Without changing a single character, write out every record below.

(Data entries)

—————

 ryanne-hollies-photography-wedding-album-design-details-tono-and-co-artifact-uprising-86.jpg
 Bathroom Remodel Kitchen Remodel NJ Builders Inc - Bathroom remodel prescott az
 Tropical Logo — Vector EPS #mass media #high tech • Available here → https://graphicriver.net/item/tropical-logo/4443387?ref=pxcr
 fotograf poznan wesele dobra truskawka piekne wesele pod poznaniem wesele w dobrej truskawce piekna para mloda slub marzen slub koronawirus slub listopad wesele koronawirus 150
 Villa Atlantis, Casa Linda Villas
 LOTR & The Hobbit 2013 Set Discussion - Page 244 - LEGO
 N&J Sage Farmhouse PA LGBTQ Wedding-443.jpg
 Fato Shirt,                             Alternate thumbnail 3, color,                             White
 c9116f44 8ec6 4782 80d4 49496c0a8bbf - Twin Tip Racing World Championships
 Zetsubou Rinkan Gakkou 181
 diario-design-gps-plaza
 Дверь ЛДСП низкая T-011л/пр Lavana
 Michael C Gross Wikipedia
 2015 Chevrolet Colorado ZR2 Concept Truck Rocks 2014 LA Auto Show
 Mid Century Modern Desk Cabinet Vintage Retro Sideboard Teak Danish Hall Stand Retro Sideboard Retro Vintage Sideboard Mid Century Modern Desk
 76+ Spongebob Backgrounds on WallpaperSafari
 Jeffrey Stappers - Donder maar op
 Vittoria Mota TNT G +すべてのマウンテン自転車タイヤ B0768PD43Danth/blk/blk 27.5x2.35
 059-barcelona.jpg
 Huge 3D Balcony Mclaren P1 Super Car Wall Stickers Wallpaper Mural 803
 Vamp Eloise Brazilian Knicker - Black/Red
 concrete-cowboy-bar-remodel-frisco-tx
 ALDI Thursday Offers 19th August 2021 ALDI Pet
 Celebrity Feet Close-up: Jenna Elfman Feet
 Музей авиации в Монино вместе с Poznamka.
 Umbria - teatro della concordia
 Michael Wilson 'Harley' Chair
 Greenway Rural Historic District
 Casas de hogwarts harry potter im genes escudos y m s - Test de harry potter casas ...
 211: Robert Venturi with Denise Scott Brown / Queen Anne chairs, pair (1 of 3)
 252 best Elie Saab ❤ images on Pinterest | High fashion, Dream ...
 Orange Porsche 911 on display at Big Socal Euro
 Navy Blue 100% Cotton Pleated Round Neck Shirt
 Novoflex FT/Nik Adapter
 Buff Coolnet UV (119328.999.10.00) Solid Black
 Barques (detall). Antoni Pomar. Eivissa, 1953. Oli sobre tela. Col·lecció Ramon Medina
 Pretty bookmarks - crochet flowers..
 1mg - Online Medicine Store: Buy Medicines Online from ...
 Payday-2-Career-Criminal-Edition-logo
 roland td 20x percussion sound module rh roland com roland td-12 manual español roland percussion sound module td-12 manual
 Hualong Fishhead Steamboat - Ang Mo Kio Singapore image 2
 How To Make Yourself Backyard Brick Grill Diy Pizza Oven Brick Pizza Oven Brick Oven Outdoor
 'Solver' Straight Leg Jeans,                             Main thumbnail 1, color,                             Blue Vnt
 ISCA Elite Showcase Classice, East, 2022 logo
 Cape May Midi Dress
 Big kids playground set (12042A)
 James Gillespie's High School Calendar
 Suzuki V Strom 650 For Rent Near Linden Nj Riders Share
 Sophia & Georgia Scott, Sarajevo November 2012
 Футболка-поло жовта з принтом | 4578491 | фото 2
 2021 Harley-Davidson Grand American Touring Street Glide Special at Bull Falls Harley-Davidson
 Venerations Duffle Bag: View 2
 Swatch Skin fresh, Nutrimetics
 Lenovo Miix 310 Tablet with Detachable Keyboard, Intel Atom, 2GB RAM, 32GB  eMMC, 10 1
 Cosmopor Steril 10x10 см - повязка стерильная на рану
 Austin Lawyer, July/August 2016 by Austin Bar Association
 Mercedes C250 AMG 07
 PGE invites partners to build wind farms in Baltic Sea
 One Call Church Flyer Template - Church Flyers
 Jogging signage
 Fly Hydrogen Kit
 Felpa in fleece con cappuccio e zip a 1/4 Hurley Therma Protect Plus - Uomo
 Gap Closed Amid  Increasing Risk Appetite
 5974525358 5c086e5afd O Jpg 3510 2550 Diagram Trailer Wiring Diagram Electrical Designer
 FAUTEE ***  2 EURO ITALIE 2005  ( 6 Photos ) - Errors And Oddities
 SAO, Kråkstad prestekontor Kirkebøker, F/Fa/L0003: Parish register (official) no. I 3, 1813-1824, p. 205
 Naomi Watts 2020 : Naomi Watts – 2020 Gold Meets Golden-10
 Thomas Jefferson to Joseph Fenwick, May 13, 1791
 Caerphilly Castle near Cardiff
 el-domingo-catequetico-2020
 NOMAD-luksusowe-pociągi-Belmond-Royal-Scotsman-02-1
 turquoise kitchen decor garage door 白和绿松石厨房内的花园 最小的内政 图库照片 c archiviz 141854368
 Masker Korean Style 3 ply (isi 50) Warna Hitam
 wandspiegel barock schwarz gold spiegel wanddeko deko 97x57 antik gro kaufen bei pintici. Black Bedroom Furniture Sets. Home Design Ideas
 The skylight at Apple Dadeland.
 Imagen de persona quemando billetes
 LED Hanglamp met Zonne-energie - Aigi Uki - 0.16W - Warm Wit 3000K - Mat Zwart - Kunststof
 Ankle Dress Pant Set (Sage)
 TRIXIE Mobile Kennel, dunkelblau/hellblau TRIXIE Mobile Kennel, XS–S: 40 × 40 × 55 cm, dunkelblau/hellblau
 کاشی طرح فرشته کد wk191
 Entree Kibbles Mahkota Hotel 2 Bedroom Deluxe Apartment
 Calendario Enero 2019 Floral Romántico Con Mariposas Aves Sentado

—————

## Written response
 ryanne-hollies-photography-wedding-album-design-details-tono-and-co-artifact-uprising-86.jpg
 Bathroom Remodel Kitchen Remodel NJ Builders Inc - Bathroom remodel prescott az
 Tropical Logo — Vector EPS #mass media #high tech • Available here → https://graphicriver.net/item/tropical-logo/4443387?ref=pxcr
 fotograf poznan wesele dobra truskawka piekne wesele pod poznaniem wesele w dobrej truskawce piekna para mloda slub marzen slub koronawirus slub listopad wesele koronawirus 150
 Villa Atlantis, Casa Linda Villas
 LOTR & The Hobbit 2013 Set Discussion - Page 244 - LEGO
 N&J Sage Farmhouse PA LGBTQ Wedding-443.jpg
 Fato Shirt,                             Alternate thumbnail 3, color,                             White
 c9116f44 8ec6 4782 80d4 49496c0a8bbf - Twin Tip Racing World Championships
 Zetsubou Rinkan Gakkou 181
 diario-design-gps-plaza
 Дверь ЛДСП низкая T-011л/пр Lavana
 Michael C Gross Wikipedia
 2015 Chevrolet Colorado ZR2 Concept Truck Rocks 2014 LA Auto Show
 Mid Century Modern Desk Cabinet Vintage Retro Sideboard Teak Danish Hall Stand Retro Sideboard Retro Vintage Sideboard Mid Century Modern Desk
 76+ Spongebob Backgrounds on WallpaperSafari
 Jeffrey Stappers - Donder maar op
 Vittoria Mota TNT G +すべてのマウンテン自転車タイヤ B0768PD43Danth/blk/blk 27.5x2.35
 059-barcelona.jpg
 Huge 3D Balcony Mclaren P1 Super Car Wall Stickers Wallpaper Mural 803
 Vamp Eloise Brazilian Knicker - Black/Red
 concrete-cowboy-bar-remodel-frisco-tx
 ALDI Thursday Offers 19th August 2021 ALDI Pet
 Celebrity Feet Close-up: Jenna Elfman Feet
 Музей авиации в Монино вместе с Poznamka.
 Umbria - teatro della concordia
 Michael Wilson 'Harley' Chair
 Greenway Rural Historic District
 Casas de hogwarts harry potter im genes escudos y m s - Test de harry potter casas ...
 211: Robert Venturi with Denise Scott Brown / Queen Anne chairs, pair (1 of 3)
 252 best Elie Saab ❤ images on Pinterest | High fashion, Dream ...
 Orange Porsche 911 on display at Big Socal Euro
 Navy Blue 100% Cotton Pleated Round Neck Shirt
 Novoflex FT/Nik Adapter
 Buff Coolnet UV (119328.999.10.00) Solid Black
 Barques (detall). Antoni Pomar. Eivissa, 1953. Oli sobre tela. Col·lecció Ramon Medina
 Pretty bookmarks - crochet flowers..
 1mg - Online Medicine Store: Buy Medicines Online from ...
 Payday-2-Career-Criminal-Edition-logo
 roland td 20x percussion sound module rh roland com roland td-12 manual español roland percussion sound module td-12 manual
 Hualong Fishhead Steamboat - Ang Mo Kio Singapore image 2
 How To Make Yourself Backyard Brick Grill Diy Pizza Oven Brick Pizza Oven Brick Oven Outdoor
 'Solver' Straight Leg Jeans,                             Main thumbnail 1, color,                             Blue Vnt
 ISCA Elite Showcase Classice, East, 2022 logo
 Cape May Midi Dress
 Big kids playground set (12042A)
 James Gillespie's High School Calendar
 Suzuki V Strom 650 For Rent Near Linden Nj Riders Share
 Sophia & Georgia Scott, Sarajevo November 2012
 Футболка-поло жовта з принтом | 4578491 | фото 2
 2021 Harley-Davidson Grand American Touring Street Glide Special at Bull Falls Harley-Davidson
 Venerations Duffle Bag: View 2
 Swatch Skin fresh, Nutrimetics
 Lenovo Miix 310 Tablet with Detachable Keyboard, Intel Atom, 2GB RAM, 32GB  eMMC, 10 1
 Cosmopor Steril 10x10 см - повязка стерильная на рану
 Austin Lawyer, July/August 2016 by Austin Bar Association
 Mercedes C250 AMG 07
 PGE invites partners to build wind farms in Baltic Sea
 One Call Church Flyer Template - Church Flyers
 Jogging signage
 Fly Hydrogen Kit
 Felpa in fleece con cappuccio e zip a 1/4 Hurley Therma Protect Plus - Uomo
 Gap Closed Amid  Increasing Risk Appetite
 5974525358 5c086e5afd O Jpg 3510 2550 Diagram Trailer Wiring Diagram Electrical Designer
 FAUTEE ***  2 EURO ITALIE 2005  ( 6 Photos ) - Errors And Oddities
 SAO, Kråkstad prestekontor Kirkebøker, F/Fa/L0003: Parish register (official) no. I 3, 1813-1824, p. 205
 Naomi Watts 2020 : Naomi Watts – 2020 Gold Meets Golden-10
 Thomas Jefferson to Joseph Fenwick, May 13, 1791
 Caerphilly Castle near Cardiff
 el-domingo-catequetico-2020
 NOMAD-luksusowe-pociągi-Belmond-Royal-Scotsman-02-1
 turquoise kitchen decor garage door 白和绿松石厨房内的花园 最小的内政 图库照片 c archiviz 141854368
 Masker Korean Style 3 ply (isi 50) Warna Hitam
 wandspiegel barock schwarz gold spiegel wanddeko deko 97x57 antik gro kaufen bei pintici. Black Bedroom Furniture Sets. Home Design Ideas
 The skylight at Apple Dadeland.
 Imagen de persona quemando billetes
 LED Hanglamp met Zonne-energie - Aigi Uki - 0.16W - Warm Wit 3000K - Mat Zwart - Kunststof
 Ankle Dress Pant Set (Sage)
 TRIXIE Mobile Kennel, dunkelblau/hellblau TRIXIE Mobile Kennel, XS–S: 40 × 40 × 55 cm, dunkelblau/hellblau
 کاشی طرح فرشته کد wk191
 Entree Kibbles Mahkota Hotel 2 Bedroom Deluxe Apartment
 Calendario Enero 2019 Floral Romántico Con Mariposas Aves Sentado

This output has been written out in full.